If the Scheme Mandate Limit is increased at the Extraordinary General Meeting, on the basis of 2,403,784,113 Shares in issue at the Latest Practicable Date and assuming that (i) the shareholders of MicroPort approve the proposed increase in the Scheme Mandate Limit before the Extraordinary General Meeting, and (ii) no Shares are issued or repurchased by the Company prior to the Extraordinary General Meeting and the date of the general meeting of MicroPort approving the Proposed Amendment, share options to subscribe for up to 240,378,411 Shares may be granted under the Share Option Scheme and any other scheme(s) of the Company, representing 10% of the Shares in issue as at date of approval of the increased Scheme Mandate Limit.
The Directors consider that it is not appropriate to state the value of all the share options that can be granted as if they had been granted as at the Latest Practicable Date prior to the date of approval of the increased Scheme Mandate Limit given that the variables which are crucial for the calculation of the value of such share options cannot be determined. These variables include, but are not limited to, the subscription price payable for the Shares upon the exercise of subscription rights attaching to the share options, the length of the option period, any lock-up period, performance targets or other conditions, restrictions or limitations that the Board may impose with respect to the share options. The Directors believe that any calculation of the value of the share options as at the Latest Practicable Date based on a number of speculative assumptions would not be meaningful and would be misleading to the Shareholders.

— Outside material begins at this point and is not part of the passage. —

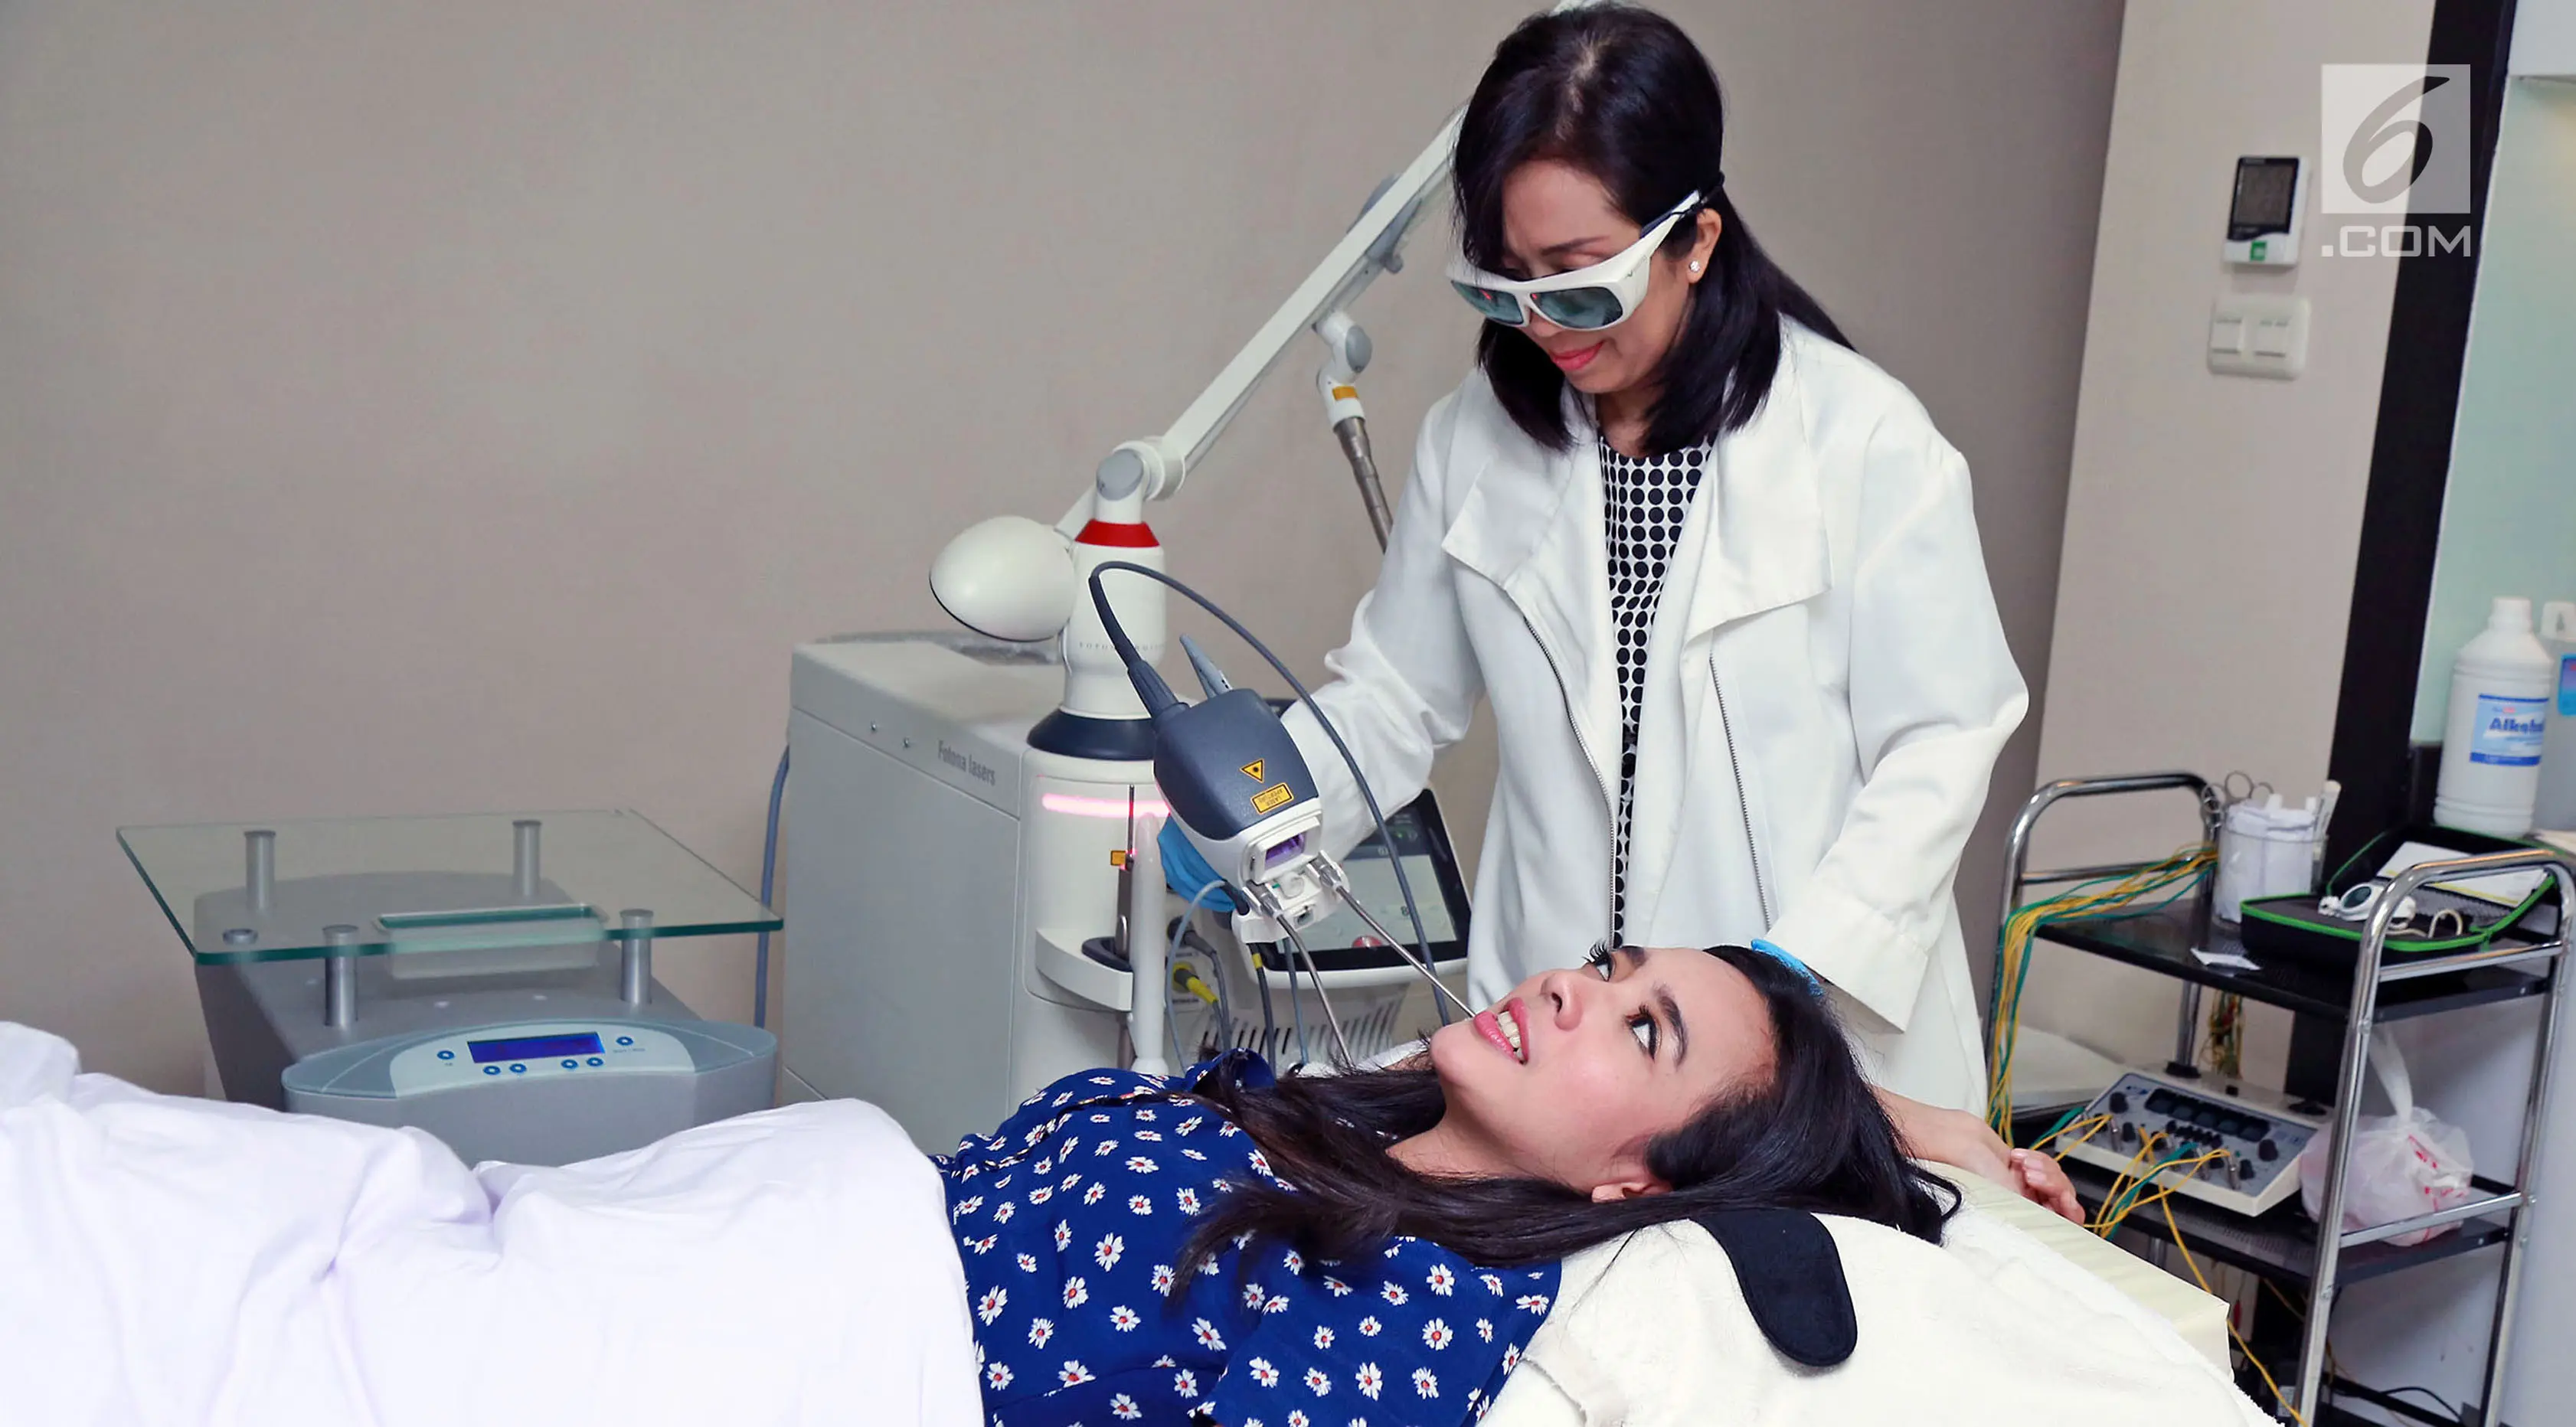 Dhea Ananda tengah menerima treatment kecantikan dari dr. Patricia dari Klinik Beauty Inc, Jakarta. (Herman Zakharia/Liputan6.com)
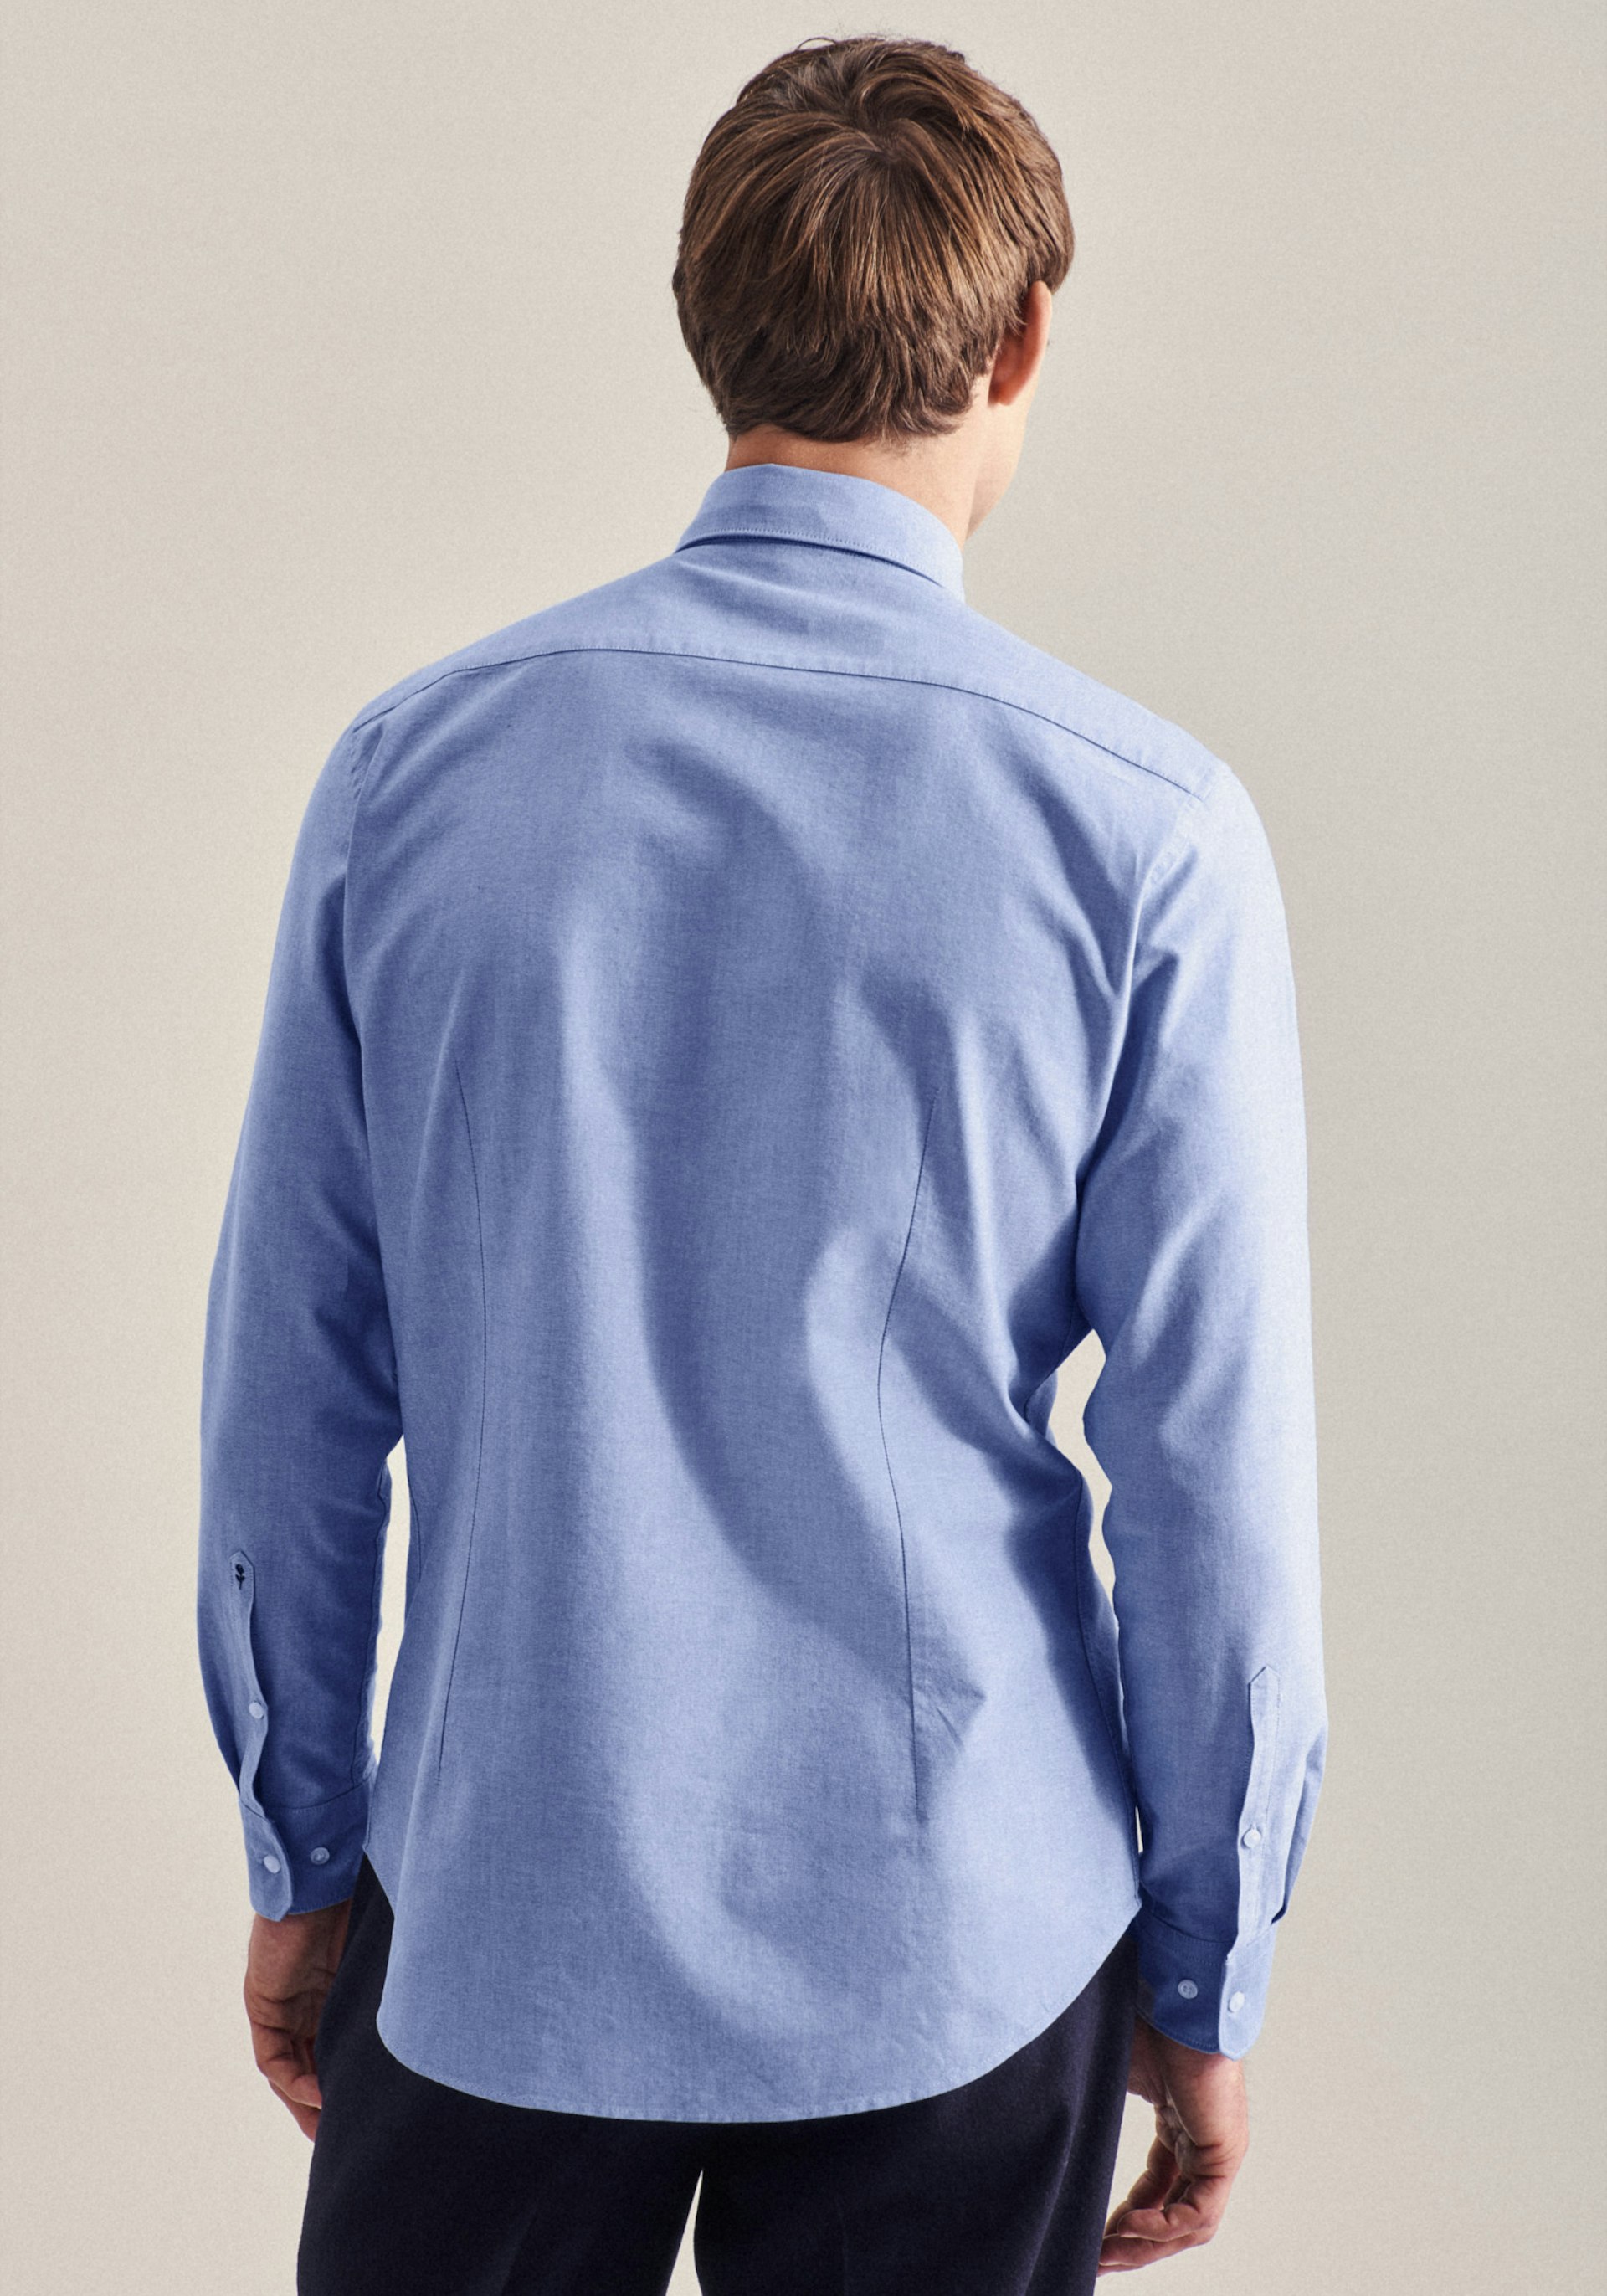 Herren Oxford Business Hemd in Shaped mit Button-Down-Kragen hellblau |  Seidensticker

The Board considers that the Proposed Amendment is in the interests of the Company and the Shareholders as it provides more flexibility for the Company to provide incentive to encourage the participants to perform their best in achieving the goals of the Group and allow the participants to enjoy the results of the Company attained through their efforts and contributions.
The increase in the Scheme Mandate Limit of the Share Option Scheme is conditional upon:
-
(i) the passing of an ordinary resolution by the Shareholders to approve the proposed refreshment of the Scheme Mandate Limit at the Extraordinary General Meeting;
-
(ii) the passing of an ordinary resolution by the MicroPort Shareholders to approve the proposed refreshment of the Scheme Mandate Limit at general meeting of MicroPort; and
-
(iii) the Stock Exchange granting the listing of, and permission to deal in, such number of Shares, representing 10% of the issued Shares as of the date of the Extraordinary General Meeting or the date of the general meeting of MicroPort approving the proposed refreshment, whichever is later, which may fall to be allotted and issued pursuant to the exercise of the options to be granted under the Scheme Mandate Limit so refreshed.
Application will be made to the Stock Exchange for the listing of, and permission to deal in, the Shares that may fall to be issued pursuant to the exercise of any options that may be granted under the refreshed Scheme Mandate Limit.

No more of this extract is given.